[Opening RECORDS FOR THIS EXERCISE section]

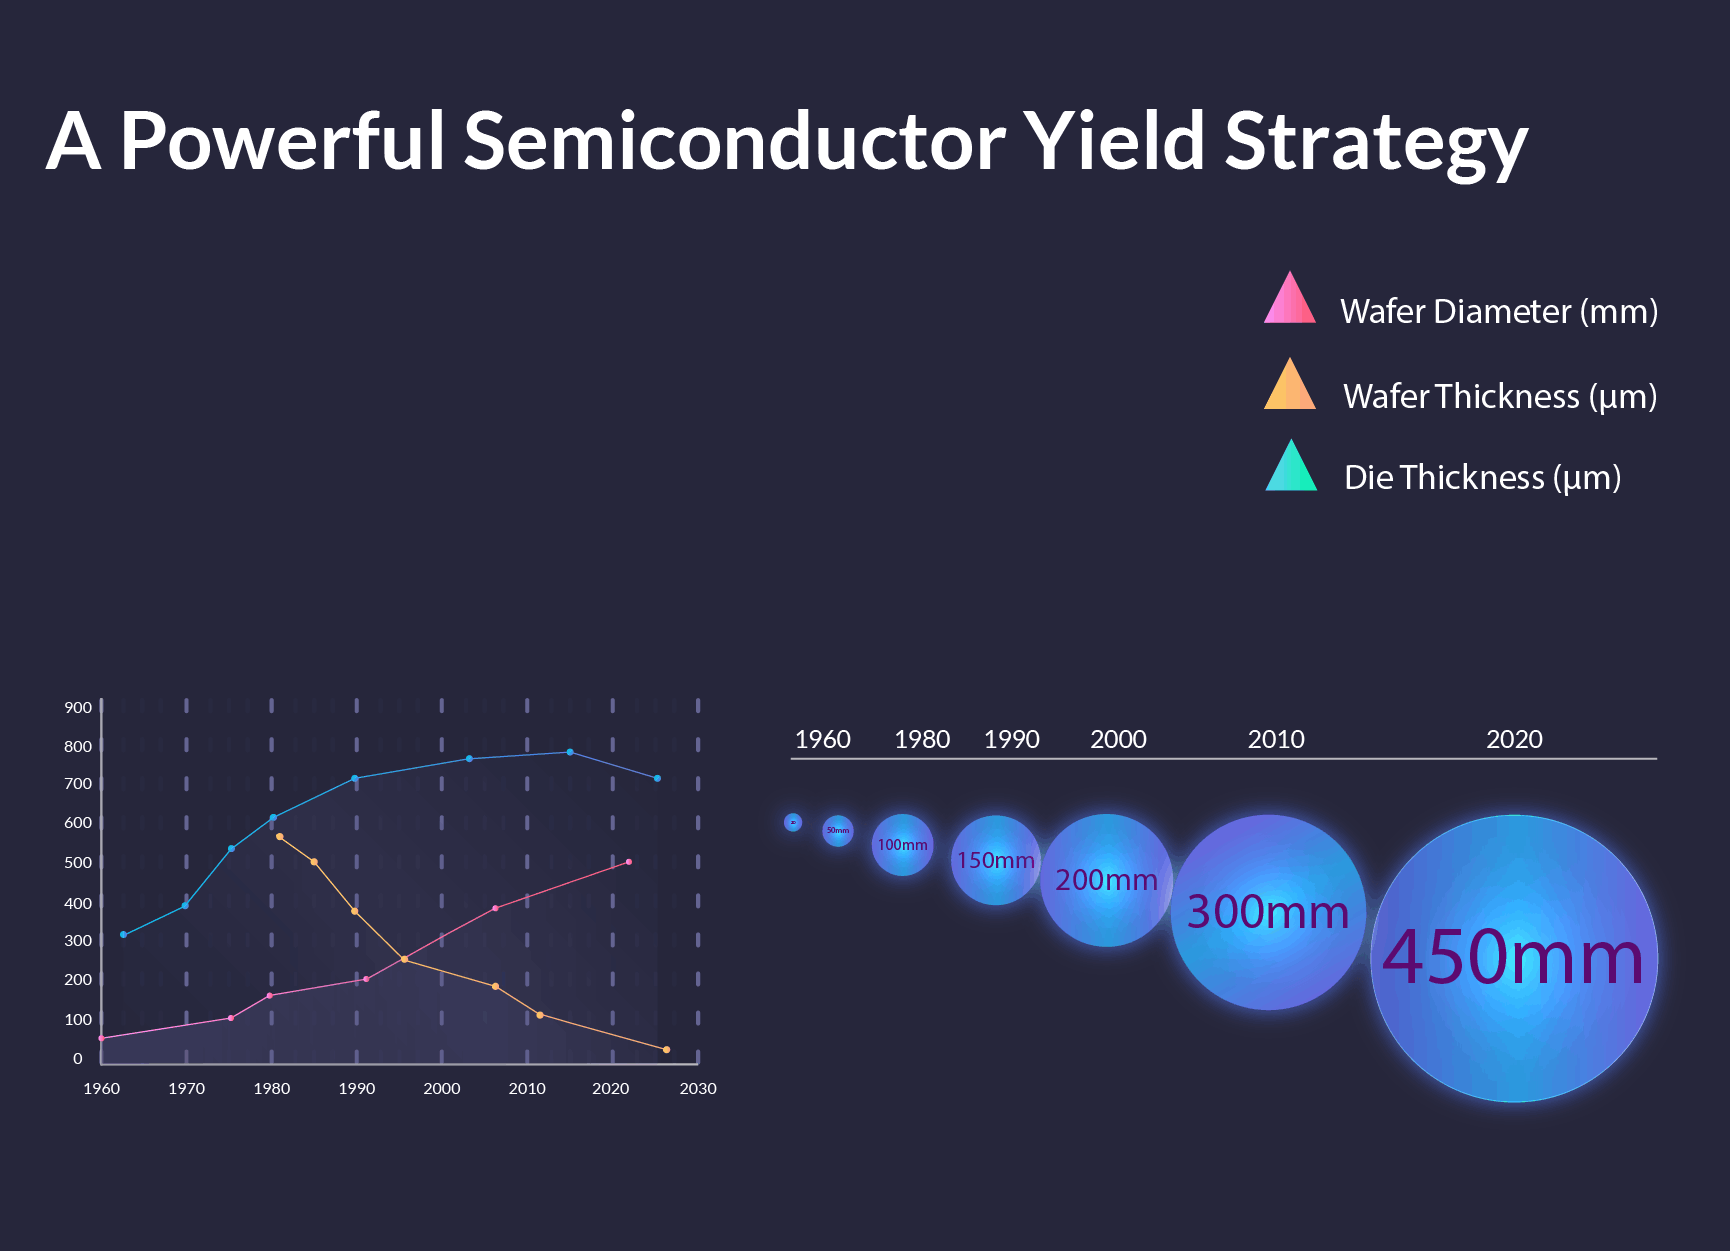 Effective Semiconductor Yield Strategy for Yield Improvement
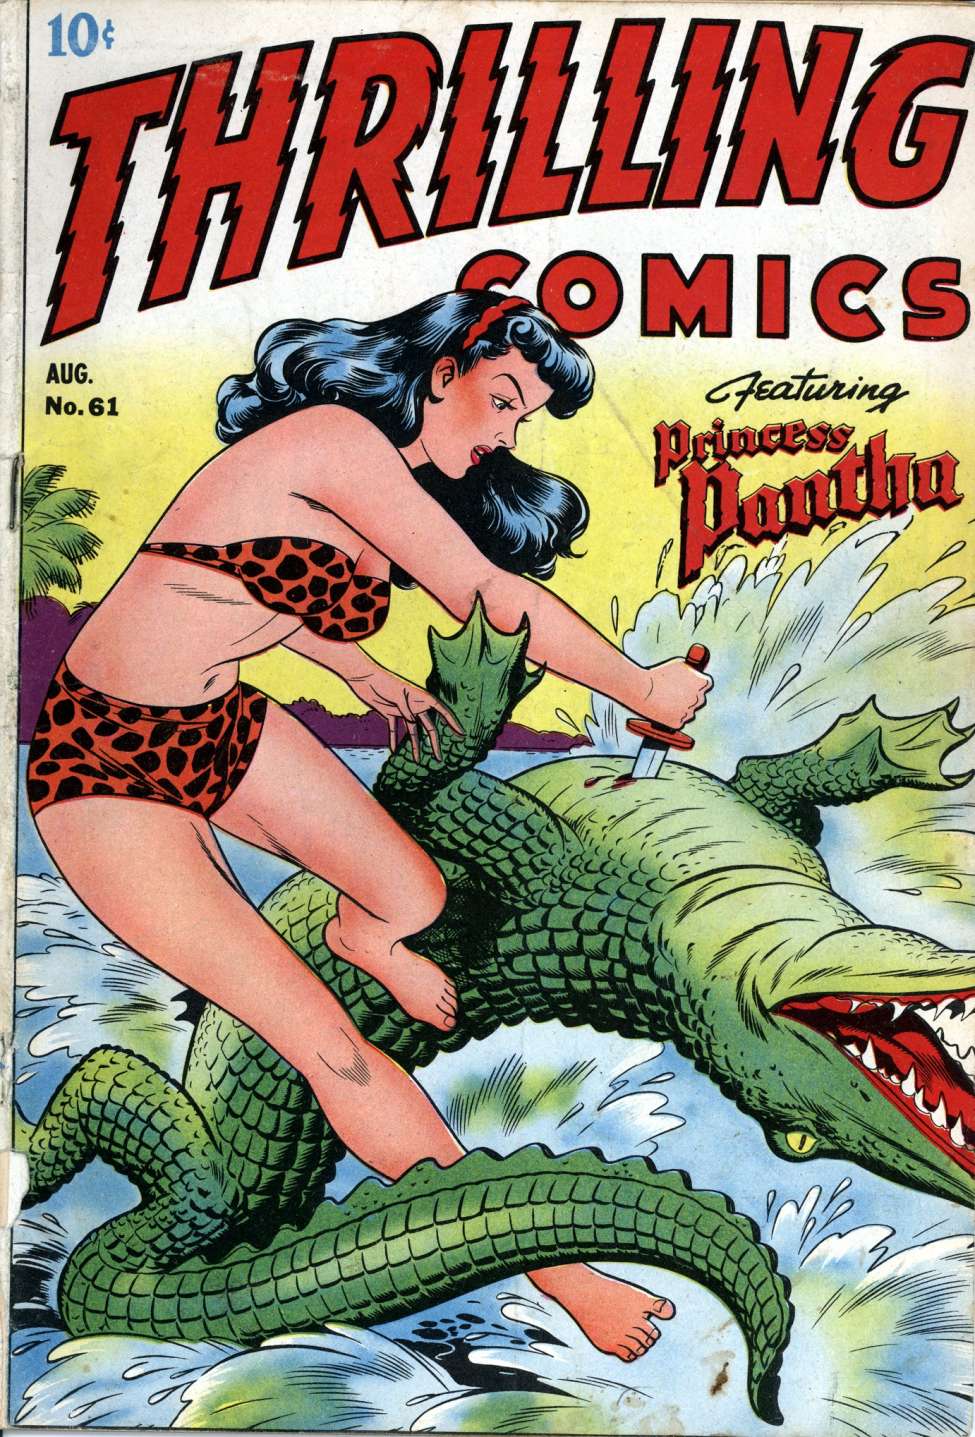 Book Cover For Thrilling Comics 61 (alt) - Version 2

[Closing RECORDS FOR THIS EXERCISE section]
[Opening RECORDS FOR THIS EXERCISE section]

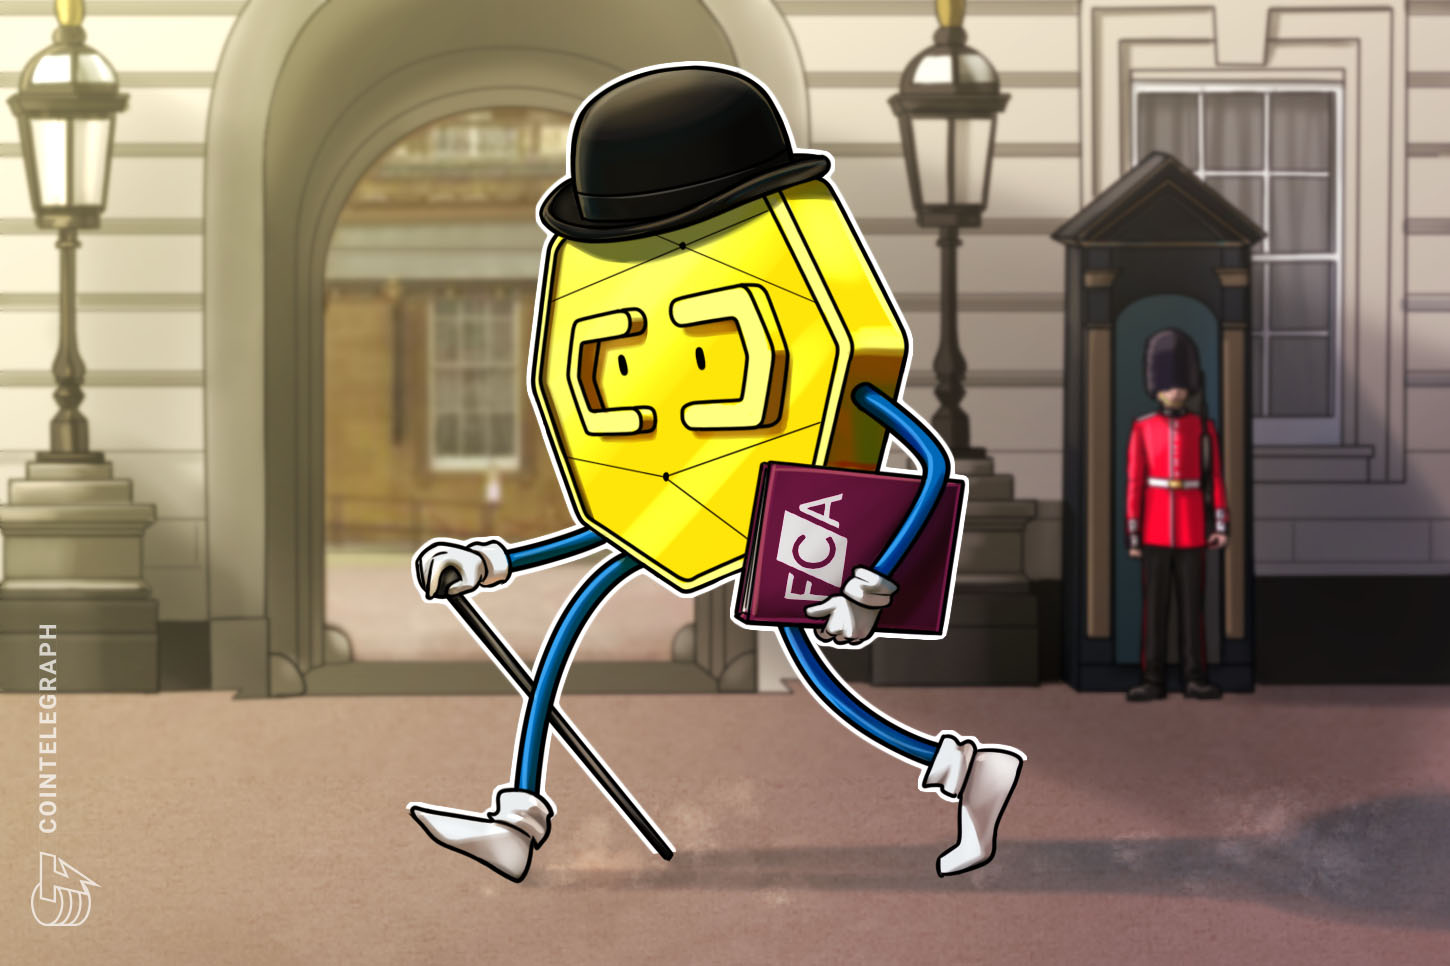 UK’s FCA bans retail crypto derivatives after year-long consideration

[Closing RECORDS FOR THIS EXERCISE section]

- EXERCISE GOAL
Your answer should consist of the lines above between those holding "Effective Semiconductor Yield" and "Book Cover For", inclusive, reproduced word for word and without pictures.

- FINAL ANSWER
 Effective Semiconductor Yield Strategy for Yield Improvement
 Book Cover For Thrilling Comics 61 (alt) - Version 2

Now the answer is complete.